When synchronous roads are the right choice¶

Choose sync when the caller truly needs an answer before deciding the next step. The user taps "Pay now" and wants to know success or failure. The app cannot say, "We will think and tell you tomorrow." Good sync signals: - user is actively waiting - the next step depends on immediate result - low latency is achievable and predictable - the downstream failure should be visible right now - the workflow is short and tightly bounded Sync communication makes reasoning simpler. One request enters, one reply returns. That simplicity helps when correctness matters more than loose decoupling. A checkout path often looks like this: ┌────────┐ POST /pay ┌──────────────┐ auth request ┌────────────┐ │ Client │ ───────────→ │ Checkout API │ ─────────────→ │ Payment svc│ └────────┘ waits └──────────────┘ waits └────────────┘ The client waits. The API waits. The payment service replies. Then the order can continue. That makes sense because the answer changes the customer promise. But sync has a price. Every extra synchronous road adds one more place where latency can stack. Every extra dependency can fail the whole chain. One slow service becomes everyone else's problem. Worked latency example. Suppose a mobile checkout request does this synchronously: 1. API auth check = 20 ms 2. pricing service call = 35 ms 3. inventory reservation = 45 ms 4. payment authorization = 120 ms 5. coupon validation = 30 ms 6. notification write = 25 ms Now add them. 20 + 35 = 55 ms. 55 + 45 = 100 ms. 100 + 120 = 220 ms. 220 + 30 = 250 ms. 250 + 25 = 275 ms. Add 40 ms network overhead and serialization cost. 275 + 40 = 315 ms total best-path latency. That may still feel fine. Now assume payment occasionally spikes to 400 ms. Then total becomes 20 + 35 + 45 + 400 + 30 + 25 + 40 = 595 ms. The whole user experience now feels slow because one dependency stretched. So what to do? Keep the critical sync path short. Put only must-know-now steps on that road.

When asynchronous roads are the right choice¶

Choose async when the sender does not need immediate completion. The work still matters, but the caller should not wait for the full chain. Classic fits include email, analytics, recommendation refresh, search indexing, invoice PDF generation, and webhook fan-out. Good async signals: - work can finish later - traffic arrives in bursts - multiple consumers need the same event - downstream failures should be retried separately - producer and consumer should scale independently See the deeper benefit.

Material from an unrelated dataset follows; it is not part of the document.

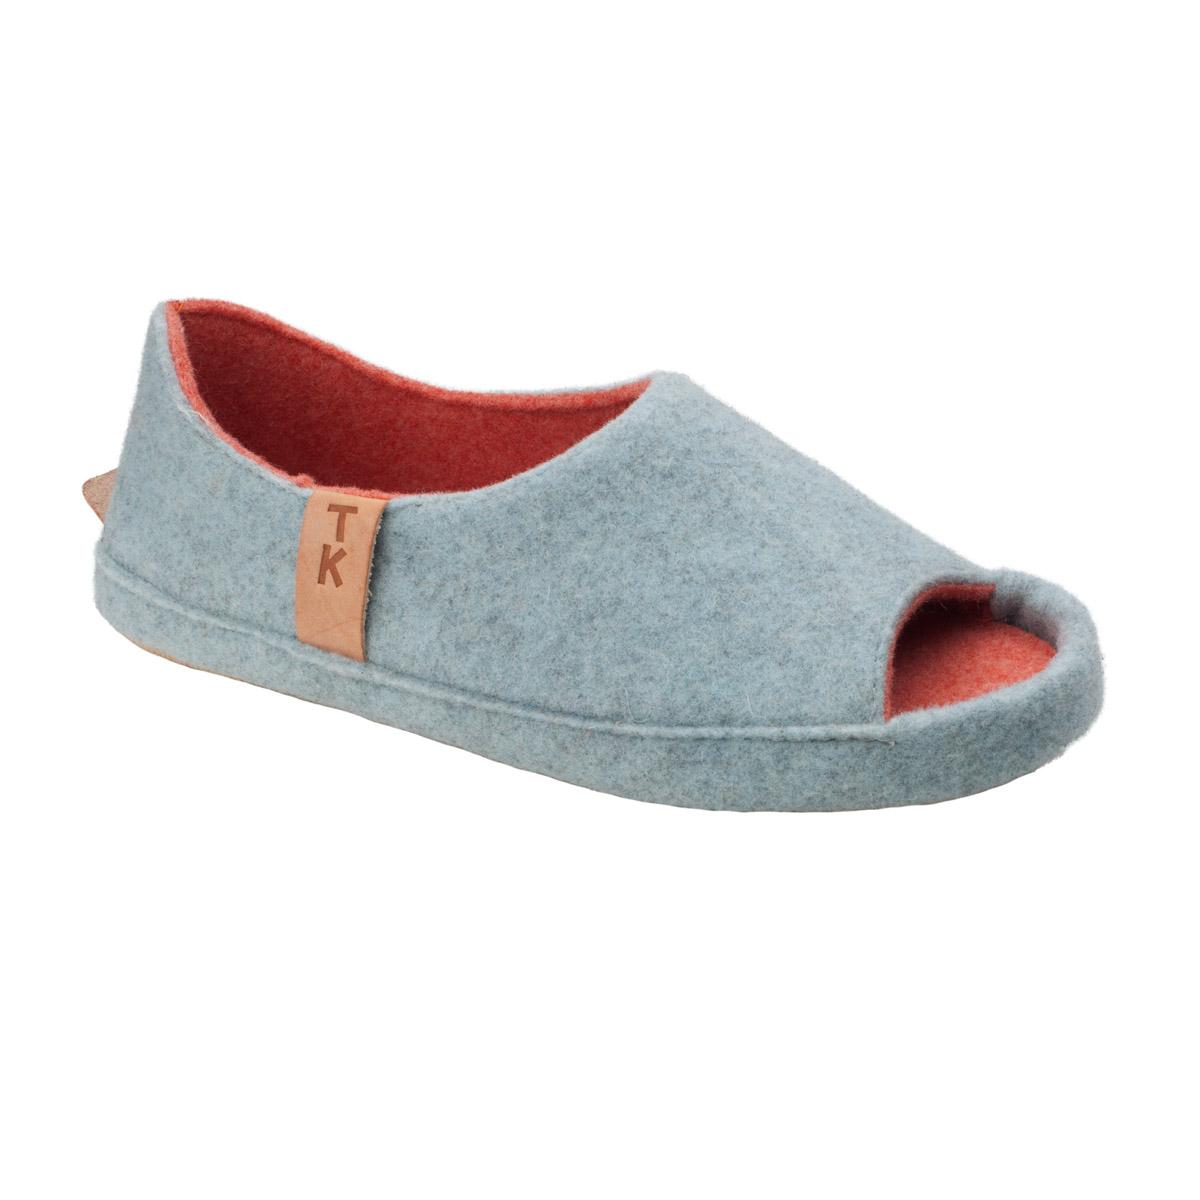 Handmade ethically made slippers

Async is not only about speed. It is about decoupling. One service can publish an event without knowing which services will care tomorrow. That makes the city's roads more flexible. But async is not magic. It adds queue depth, duplicate delivery, out-of-order processing, and harder debugging. If you choose async, you must own those realities. A common pattern: ┌──────────────┐ OrderPlaced ┌──────────────┐ │ Order service│ ────────────→ │ Event stream │ └──────────────┘ └──────┬───────┘ │ ┌────────────┼────────────┐ ▼ ▼ ▼ ┌─────────┐ ┌─────────┐ ┌──────────┐ │ Email │ │ Billing │ │ Analytics│ └─────────┘ └─────────┘ └──────────┘ One event enters. Three consumers react. That is fan-out. If email is down, analytics can still proceed. If analytics lags, billing need not wait. Worked burst example. Suppose a flash sale creates 60,000 successful orders in 10 minutes. Step 1: orders per second. 60,000 ÷ 600 = 100 orders per second. Step 2: downstream fan-out. Each order creates 4 follow-up tasks: email, analytics, inventory feed, loyalty update. 100 × 4 = 400 messages per second. Step 3: one consumer slows down. Assume email workers can process only 250 messages per second for 5 minutes. Incoming email tasks are 100 per second because only one of the four tasks is email. That is fine. No backlog there. Now assume analytics receives all events plus clickstream and reaches 180 messages per second input, but workers process 120 per second. Backlog growth = 180 - 120 = 60 messages per second. Over 5 minutes, 60 × 300 = 18,000 queued analytics messages. That sounds scary, but the checkout path stays healthy because analytics sits off the critical path. This is exactly where async wins.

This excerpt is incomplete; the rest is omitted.